The two halves are located only about 700bp apart with their own promoters. Two homolog of a putative archaeal replication gene (paREP1) were found between the two tRNA transcripts, supporting the previous evidence of tRNAs being a favorite region of viral insertions that may give rise to split tRNAs (She, Brugger et al. 2002;
Krupovic and Bamford 2008) (Chapter 5 of this work).
7.3 Future Directions
The emerging field of metagenomics provides researchers opportunities to study and discover new biology. The species characterization in Cistern Spring metagenome using RNase P introduces a new alternative marker in addition to the commonly used
16S rRNA and metabolic genes. Although the highly conserved tRNA sequences in hyperthermophilic archaea are not very effective in genome classification, the addition of tRNA introns makes it possible to determine the existence of a species in a metagenome. However, instead of studying each individual tRNA gene closely to obtain an answer that may not be consistent or reproducible, a more systematic and repeatable method should be applied. I therefore propose the generation of a tRNA
170 feature profile for phylogenetic analysis. Similar to profiles used for protein alignments, a tRNA feature profile will contain feature information of an individual tRNA gene including but not limited to the tRNA isotype, anticodon, tRNA structural type, G/C content, stem and loop sizes, number of introns and their properties such as positions, lengths, bulge-helix-bulge motif specifications, and primary sequences.

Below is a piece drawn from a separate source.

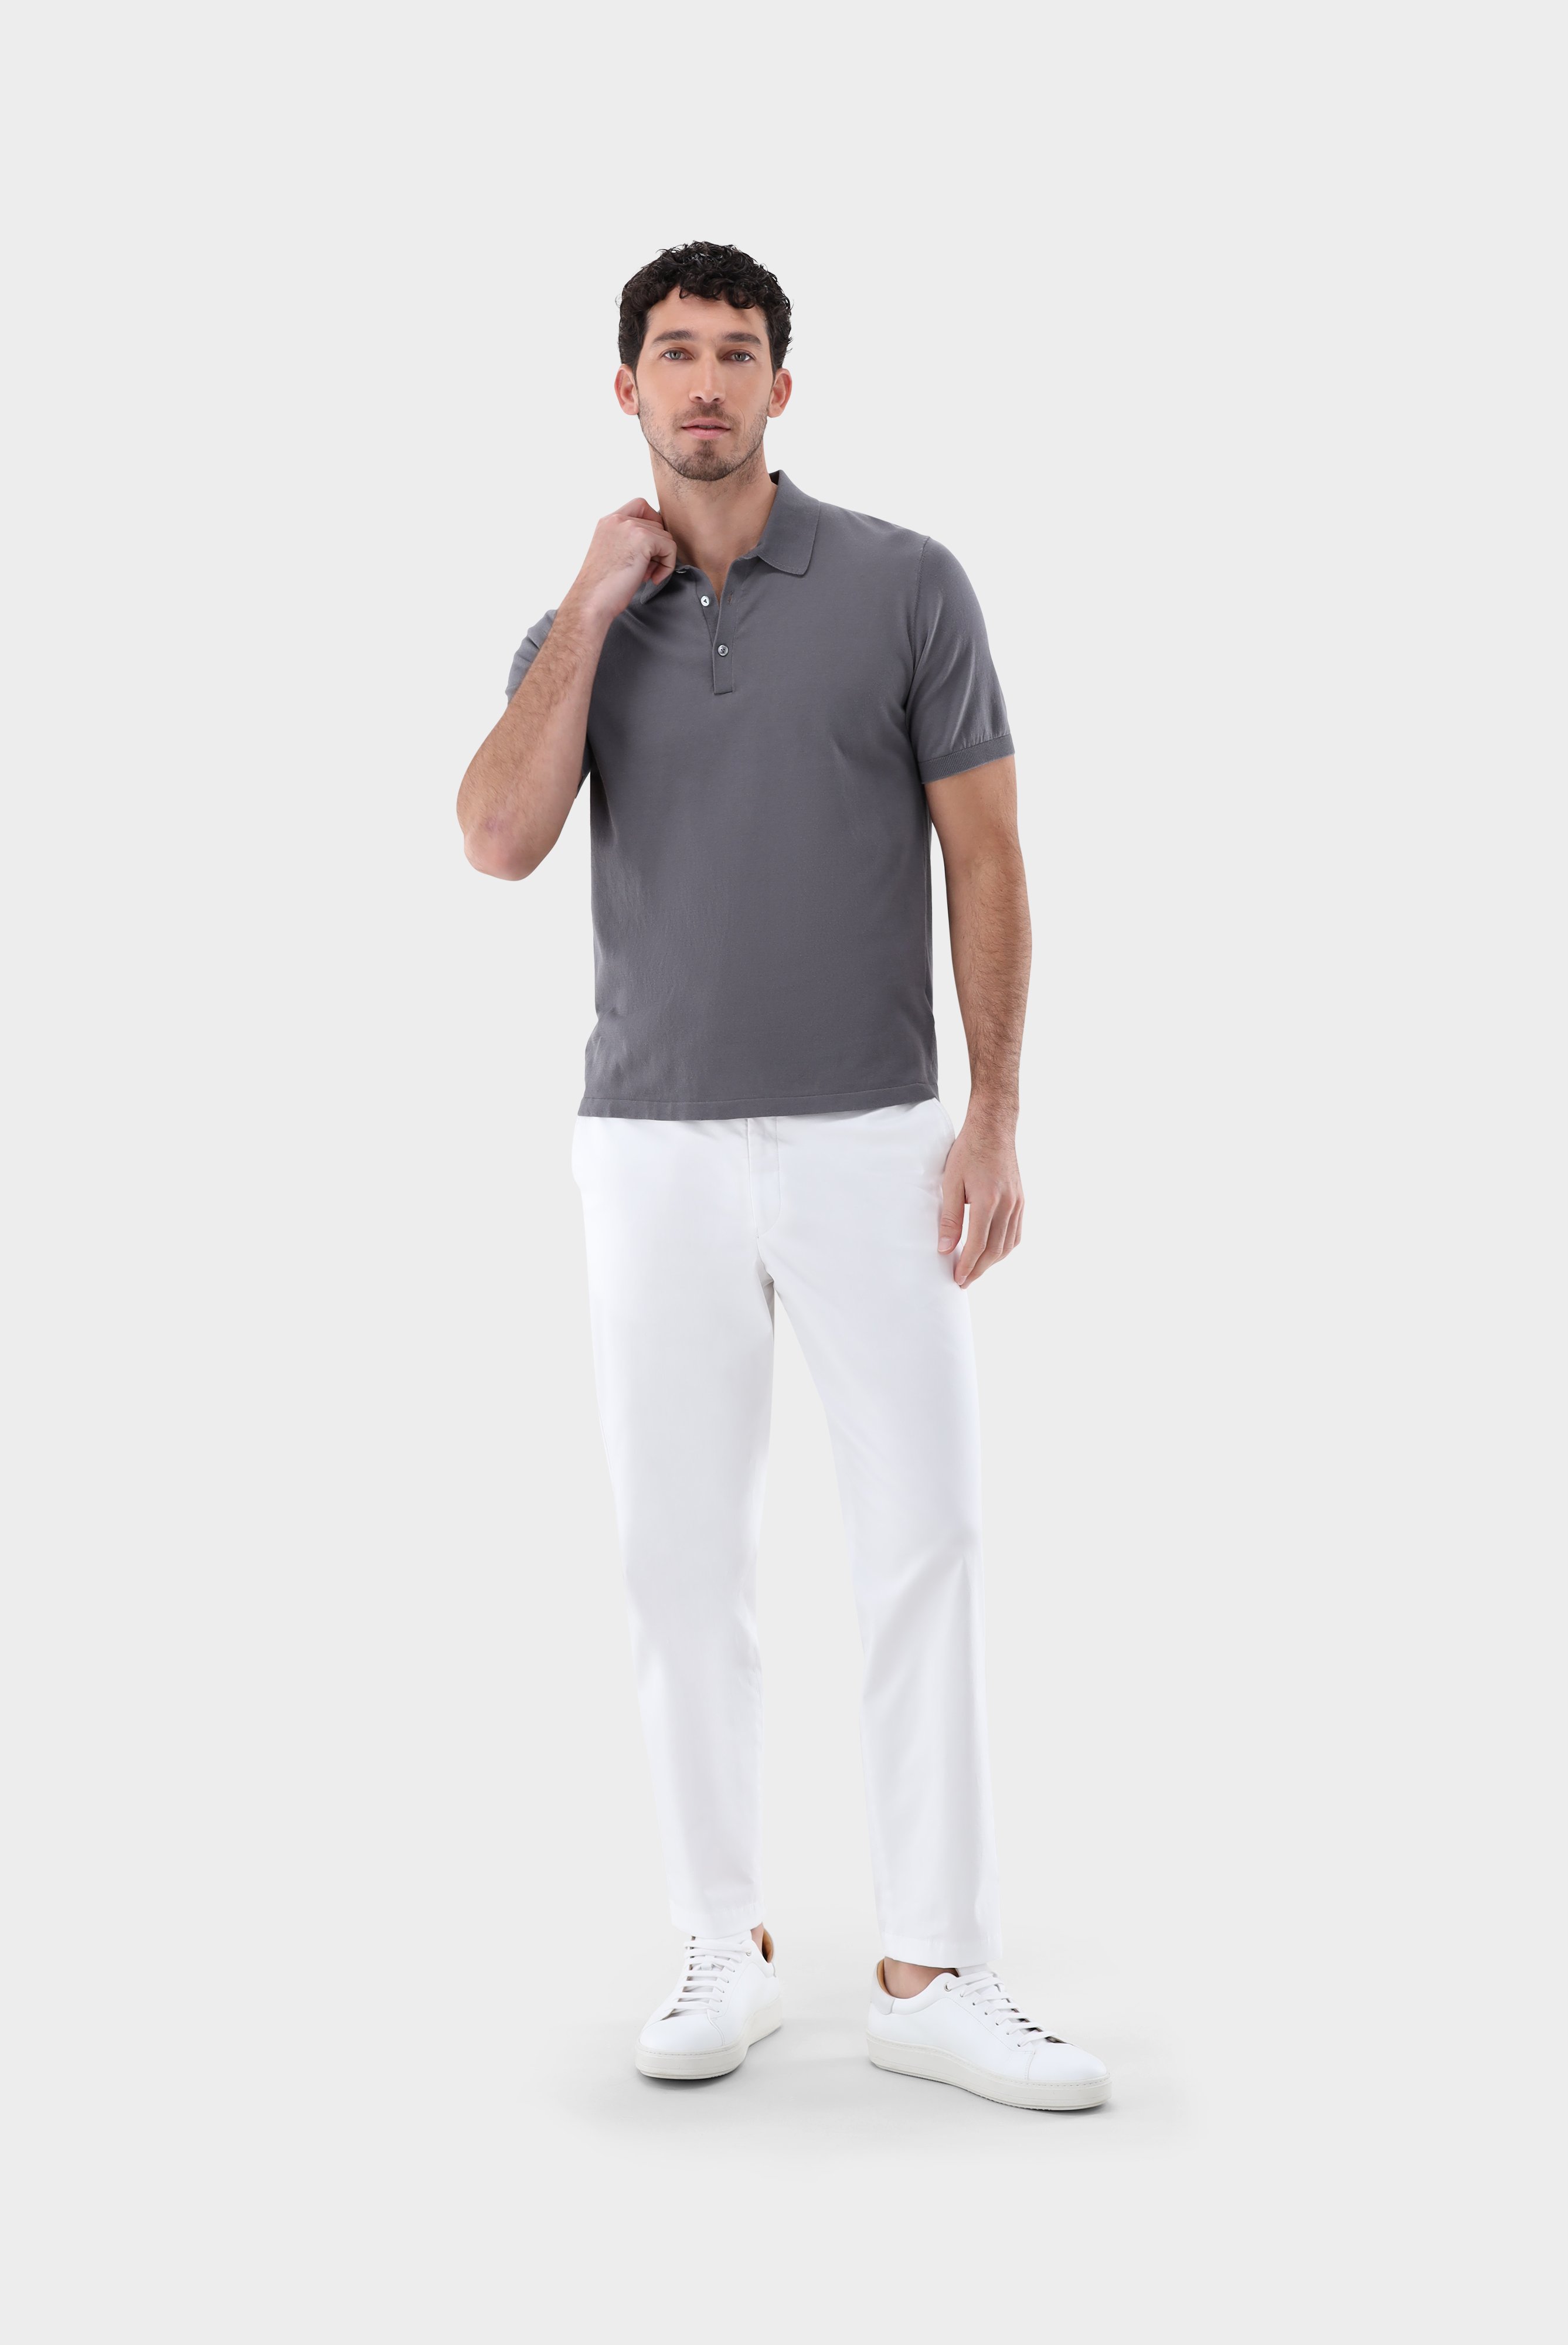 Poloshirts+Knit Polo made of Air Cotton+82.8510..S00174.070.S

Each tRNA feature can be represented by a specific code. The profile can then be used for tRNA alignments and phylogenetic analysis in metagenomes.
The discovery of the novel trans-spliced split tRNAMet(CAU) in Thermoproteus that was not found in model organisms provides an example of opportunities in metagenomics. With the combination of the knowledge developed from standard biological studies and the increasing availability of sequenced metagenomes, I anticipate more unexpected findings will be identified in the near future.
7.4 Materials and Methods
Genomic data. Complete genomic sequences and annotated ORFs for all archaeal genomes were obtained from NCBI RefSeq(Pruitt, Tatusova et al. 2007).

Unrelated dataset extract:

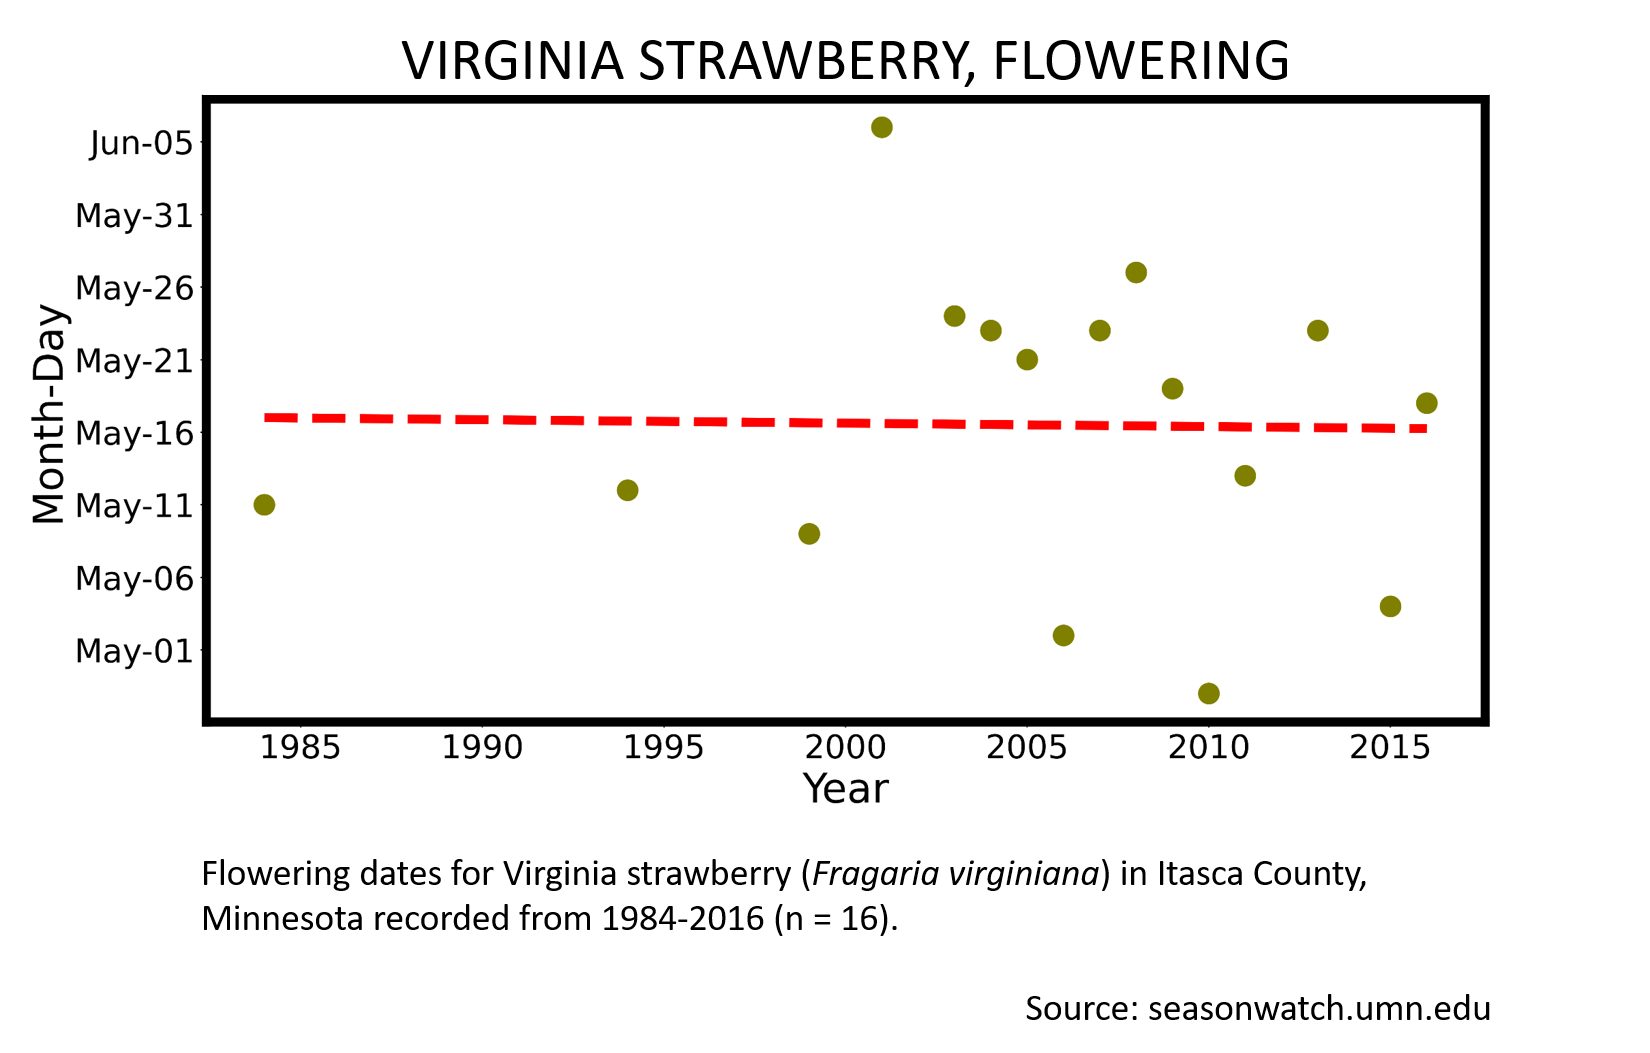 Scatterplot showing Virginia strawberry phenology observations in Itasca County, Minnesota

Metagenome assembly of Cistern Spring was provided by William Inskeep at
Montana State University. Protein annotations of Cistern Spring metagenome were retrieved from Integrated Microbial Genomes with Microbiome Samples (Markowitz,
Ivanova et al. 2008).
171 16S ribosomal RNA sequence searches in Cistern Spring. BLAT (Kent 2002) was used for sequence similarity searches of 16S rRNA sequences in available complete archaeal genomes against Cistern Spring metagenome. Hits with over 90% sequence identity and a length of over 600bp were selected.
RNase P RNA sequence searches in Cistern Spring. Infernal v1.0 (Nawrocki,
Kolbe et al. 2009) was used to search for RNase P RNA candidates in Cistern Spring metagenome using the type T RNase P RNA covariance model and the Rfam
(Gardner, Daub et al. 2009) archaeal RNase P RNA covariance model (RF00373).

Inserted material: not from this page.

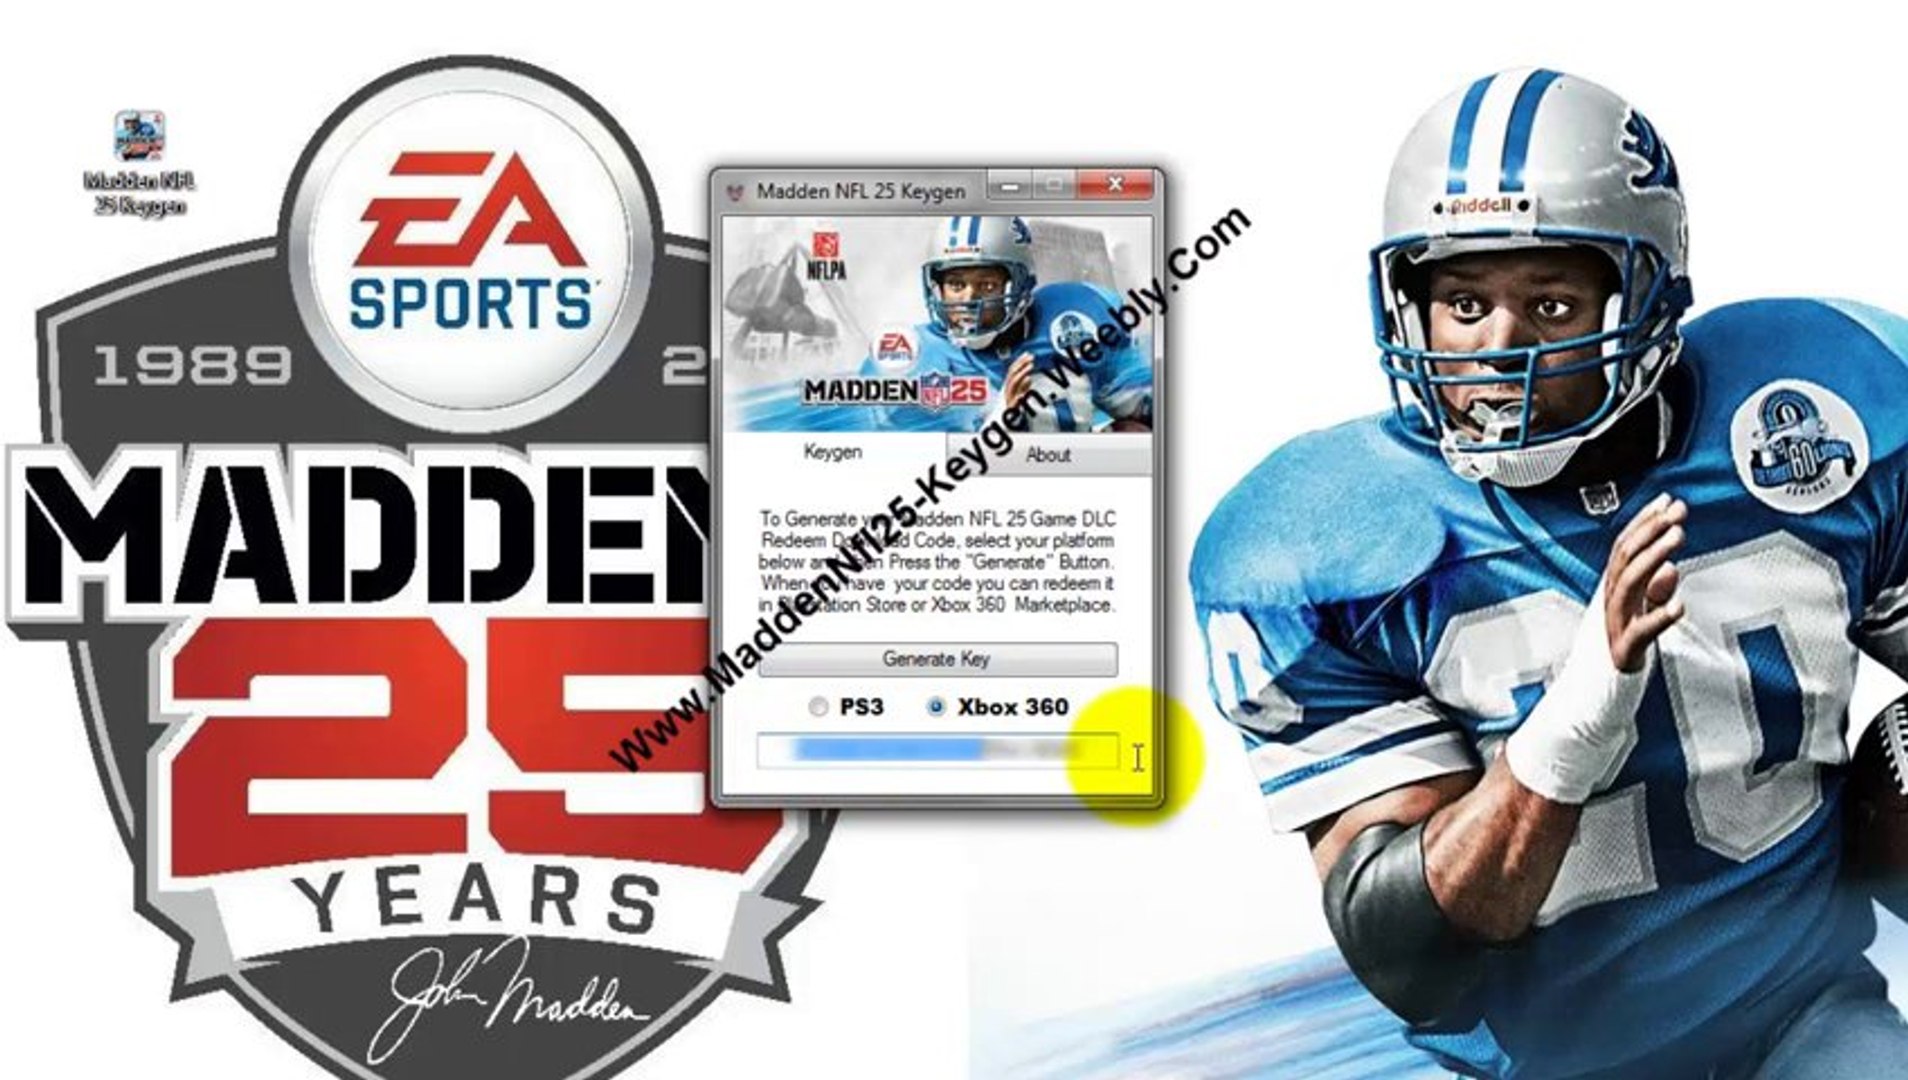 UPDATE] Madden NFL 25 Anniversary Edition Key Generator For Console & iOS [ ps3, xbox 360] - video Dailymotion

The program was initially run in the global search mode. All hits with a score > 0 bits were manually examined. Local search mode was also employed, which provided better sensitivity but decreased selectivity.
RNase P protein database searches in Cistern Spring. Protein sequences of Pop5,
Rpp30, Rpp29, and Rpp21 for Cistern Spring metagenome were retrieved from Pfam
(Finn, Mistry et al. 2010) domain searches (RNase_P_Rpp14 [Pop5]: PF01900;
RNase_P_p30 [Rpp30]: PF01876; UPF0086 [Rpp29]: PF01868; and Rpr2 [Rpp21]:
PF04032), and PSI-BLAST similarity searches against RNase P protein homologs in
Thermoproteaceae and NCBI non-redundant database. Default scoring thresholds for
PSI-BLAST (E-value: 10; word size: 3) and Pfam (trusted cutoff for Pop5: 23.4 bits;
Rpp30: 20.3 bits; Rpp29: 21.1 bits; Rpp21: 23.2 bits) searches were initially adopted.
Thresholds were further adjusted (E-value: 100 and word size: 2 for PSI-BLAST;
172 trusted cutoff as -80 bits for Pfam) to search for proteins not identified with the default scan.
Phylogenetic analysis of Cistern Spring metagenome based on 16S rRNA.
Phylogenetic tree was generated based on 16S ribosomal RNA. Sequences were aligned using ClustalW (Larkin, Blackshields et al. 2007). Alignments were manually adjusted using Jalview (Waterhouse, Procter et al. 2009) to remove introns.
Maximum likelihood tree was computed using PhyML (Guindon, Dufayard et al.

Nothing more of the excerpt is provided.